* _Your goal_: For the records below, please print exactly and only the lines from the one with "Hævde kredsløb Wardian" down to the one with "Zolotoi Vavilon-Rostokino shopping", both ends included, omitting the pictures.

* _Records provided_:
=-=-=
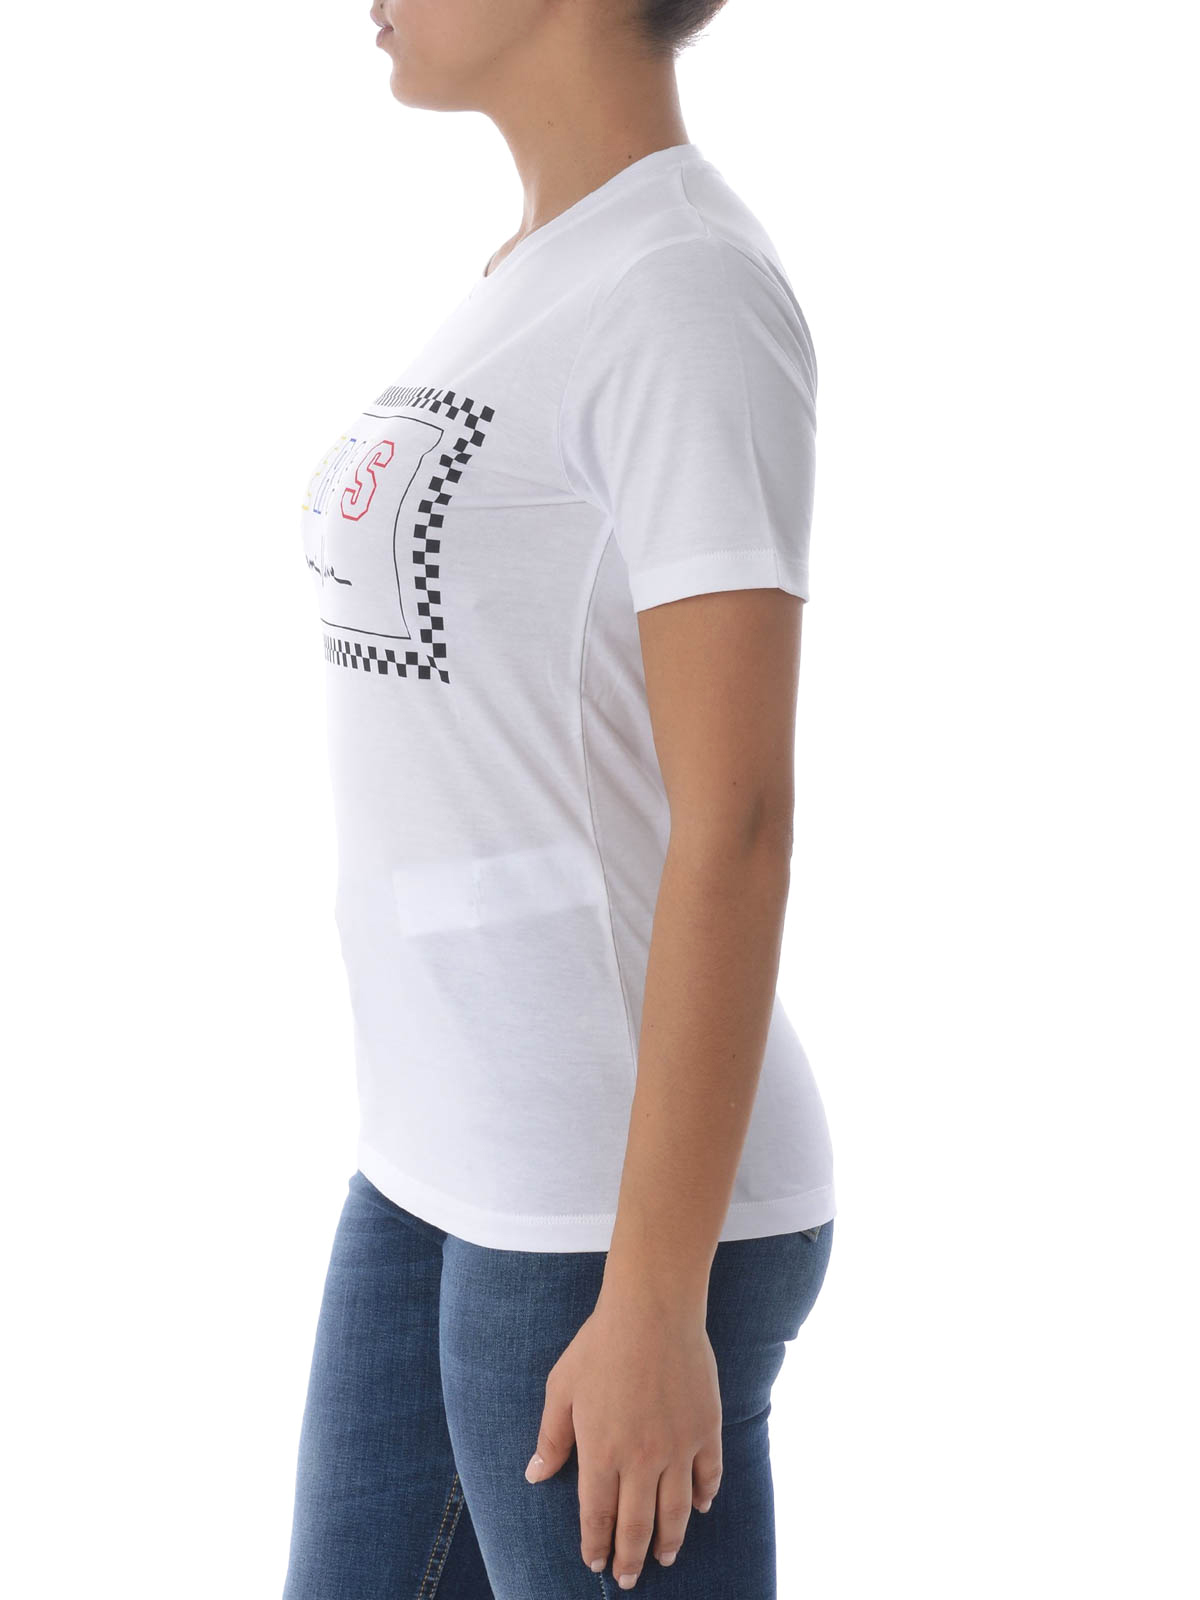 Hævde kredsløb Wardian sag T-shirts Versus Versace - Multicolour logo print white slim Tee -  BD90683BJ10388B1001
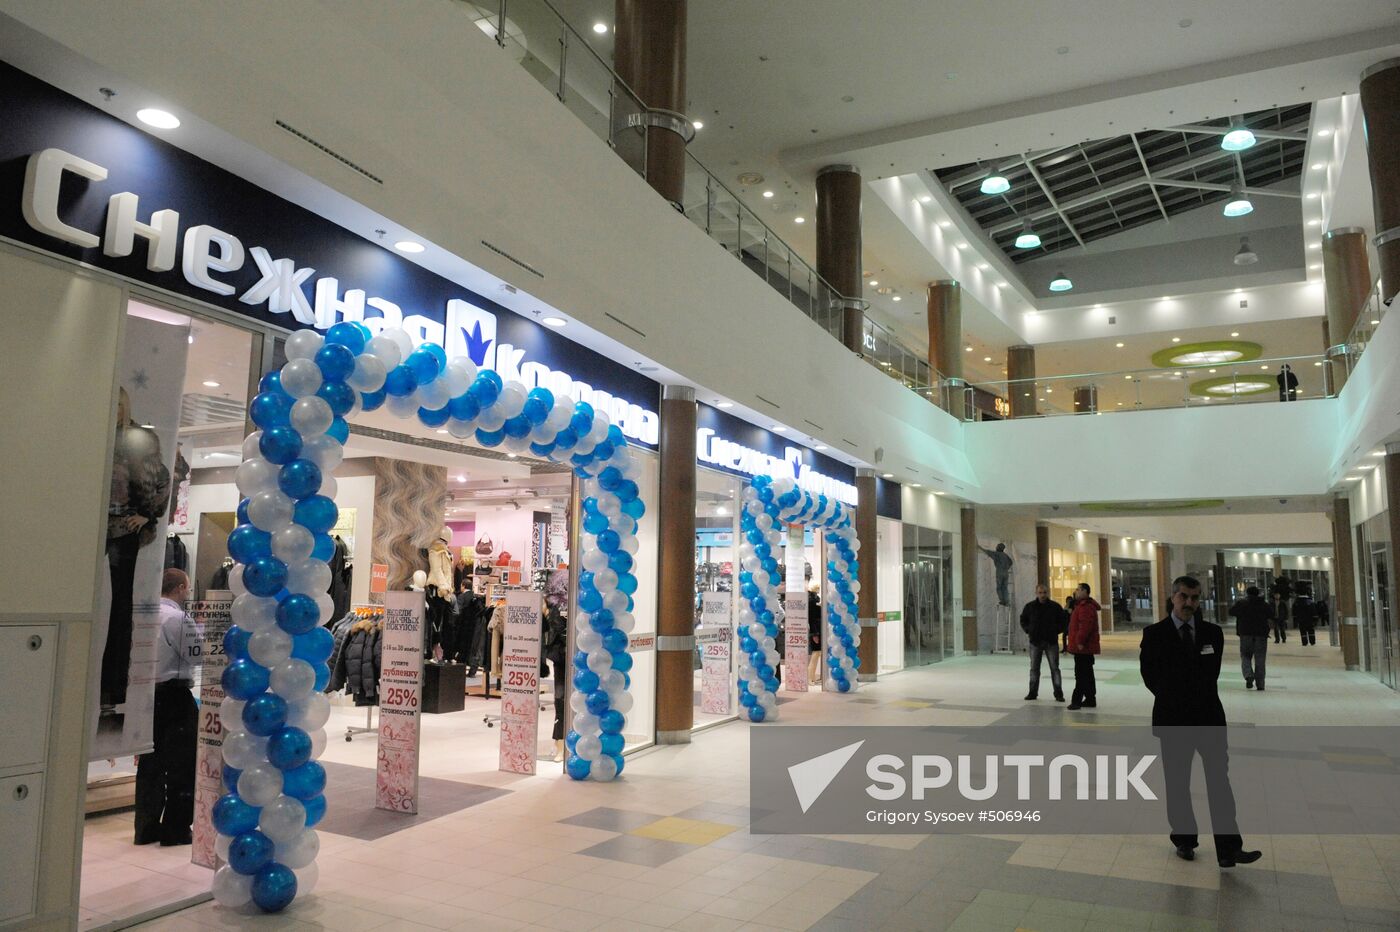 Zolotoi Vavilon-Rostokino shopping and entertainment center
=-=-=
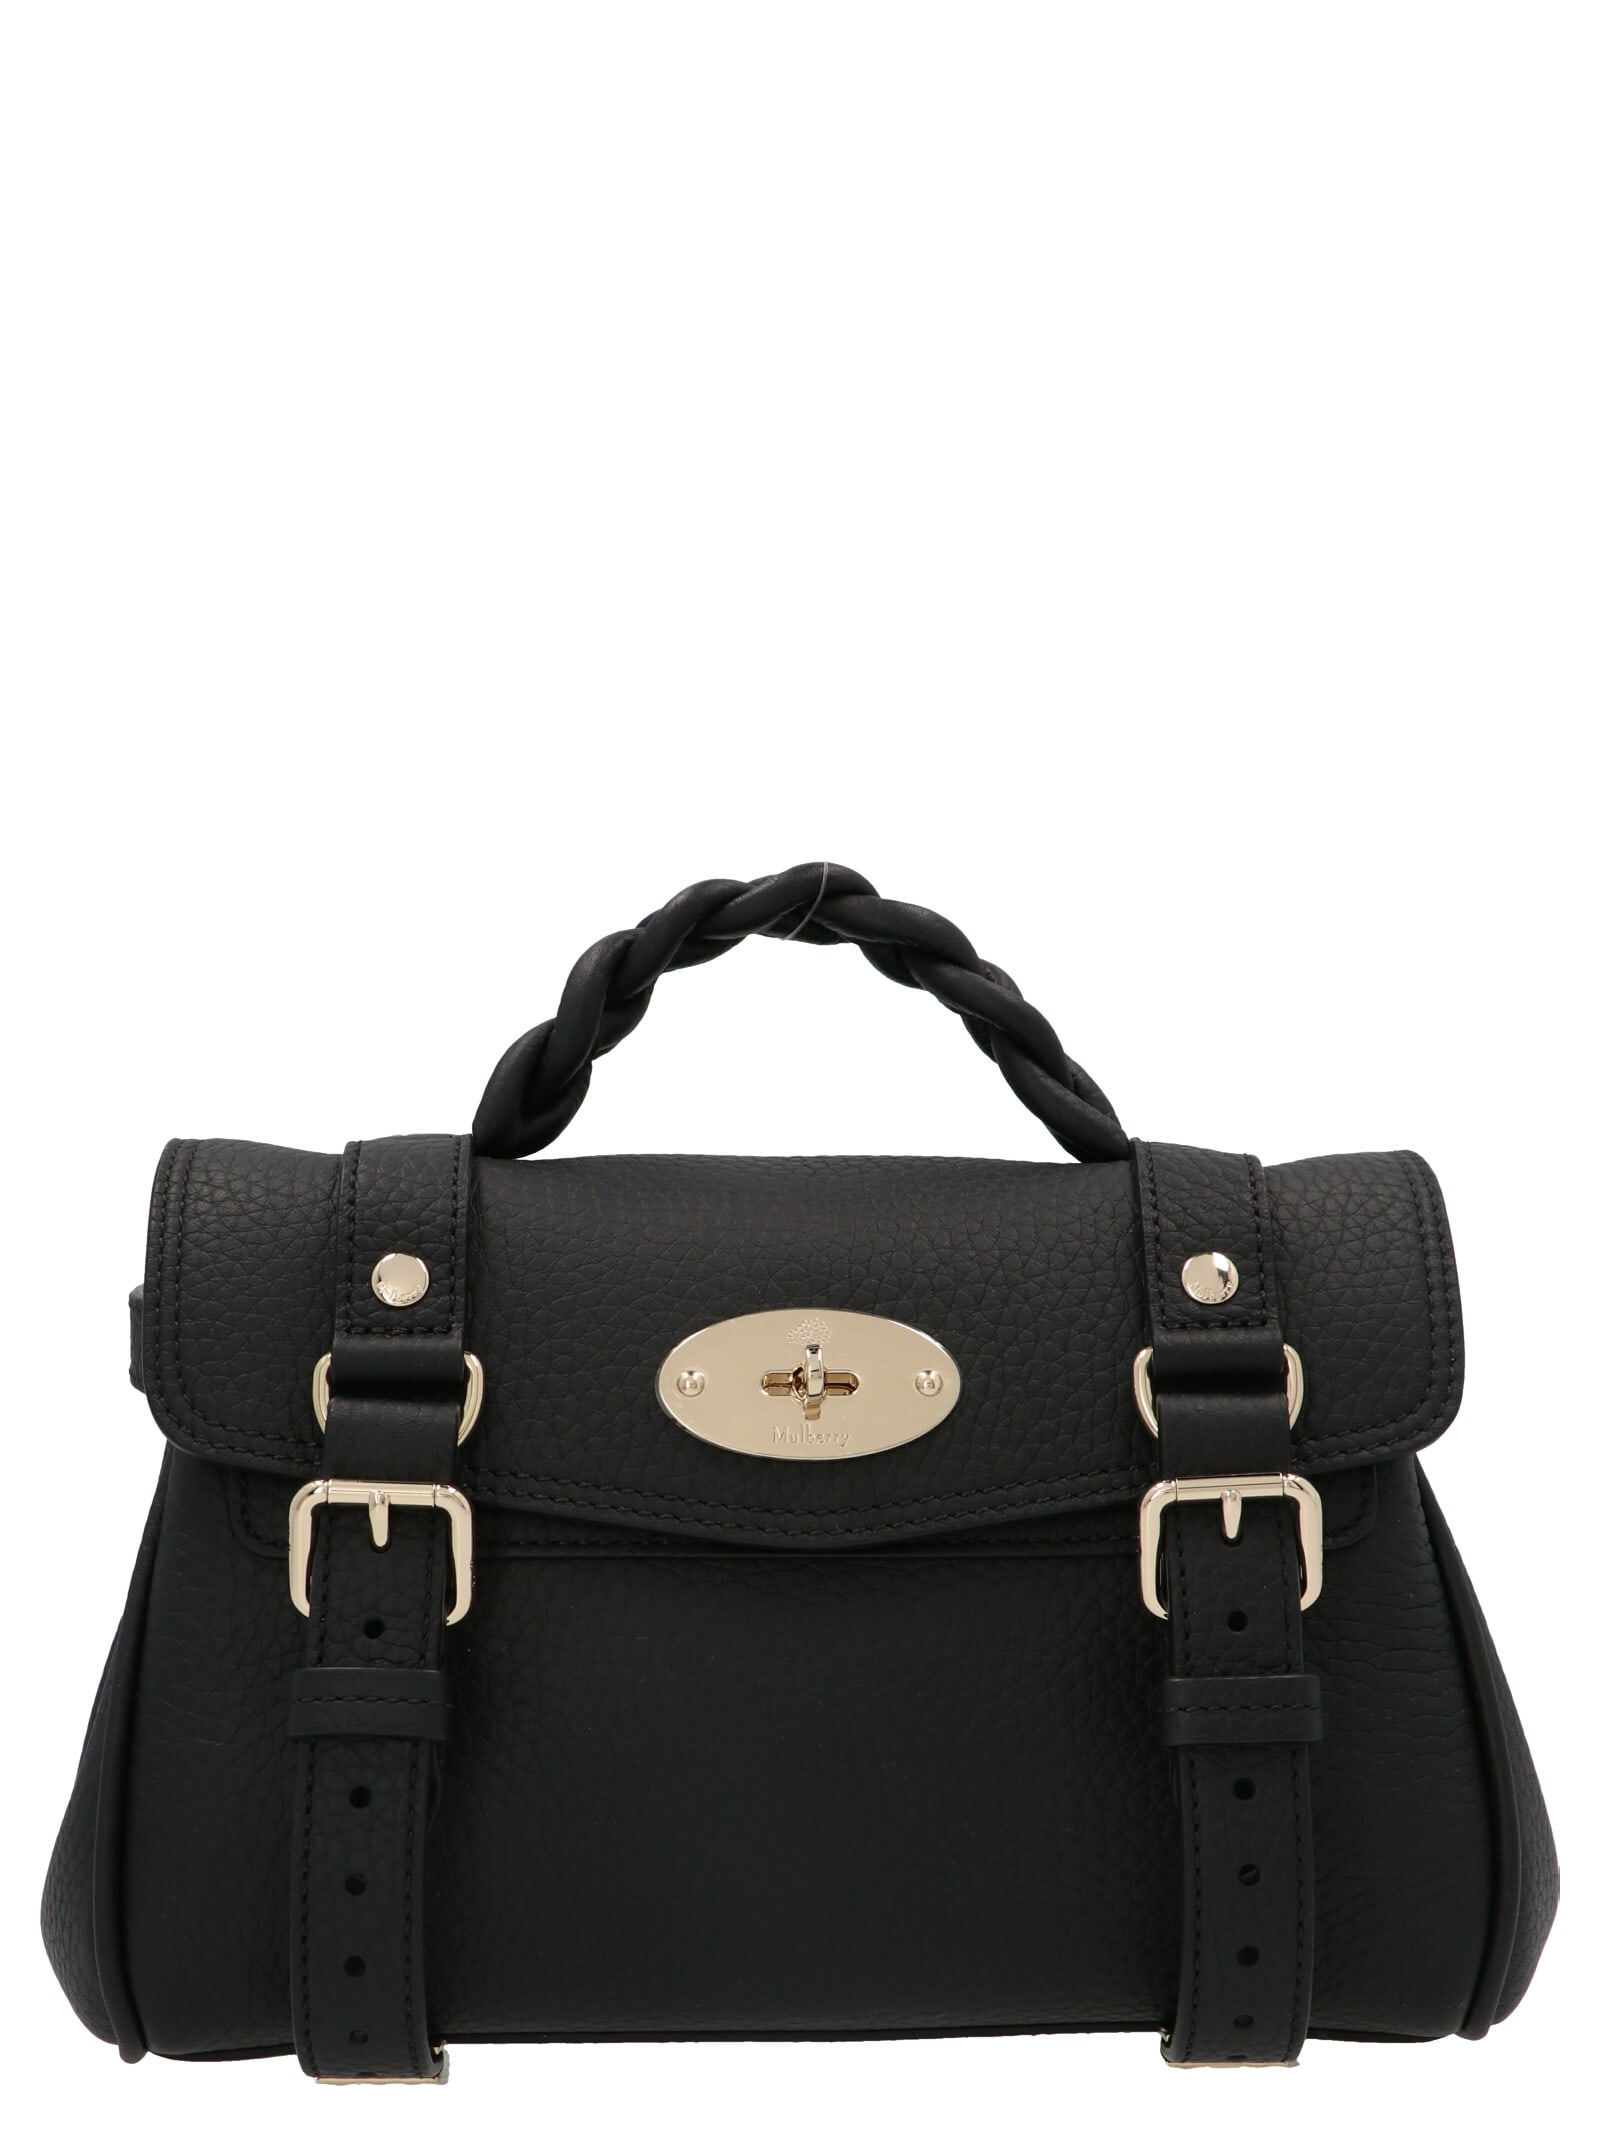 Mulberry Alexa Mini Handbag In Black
=-=-=
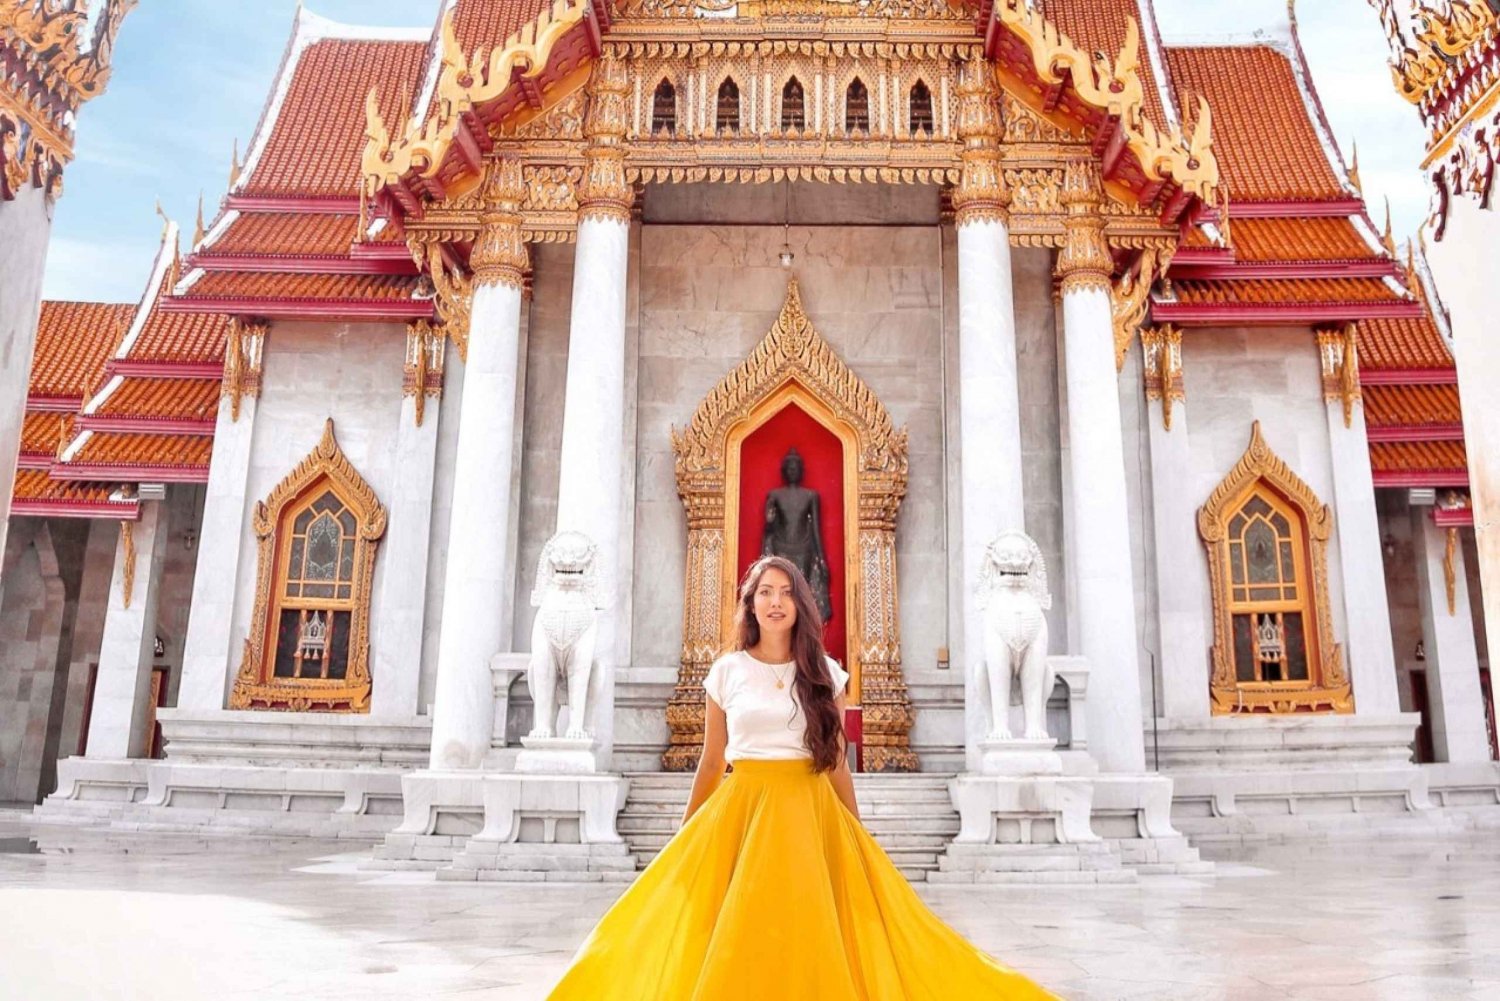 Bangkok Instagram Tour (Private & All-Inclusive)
=-=-=
* _Result for this exercise_:
 Hævde kredsløb Wardian sag T-shirts Versus Versace - Multicolour logo print white slim Tee -  BD90683BJ10388B1001
 Zolotoi Vavilon-Rostokino shopping and entertainment center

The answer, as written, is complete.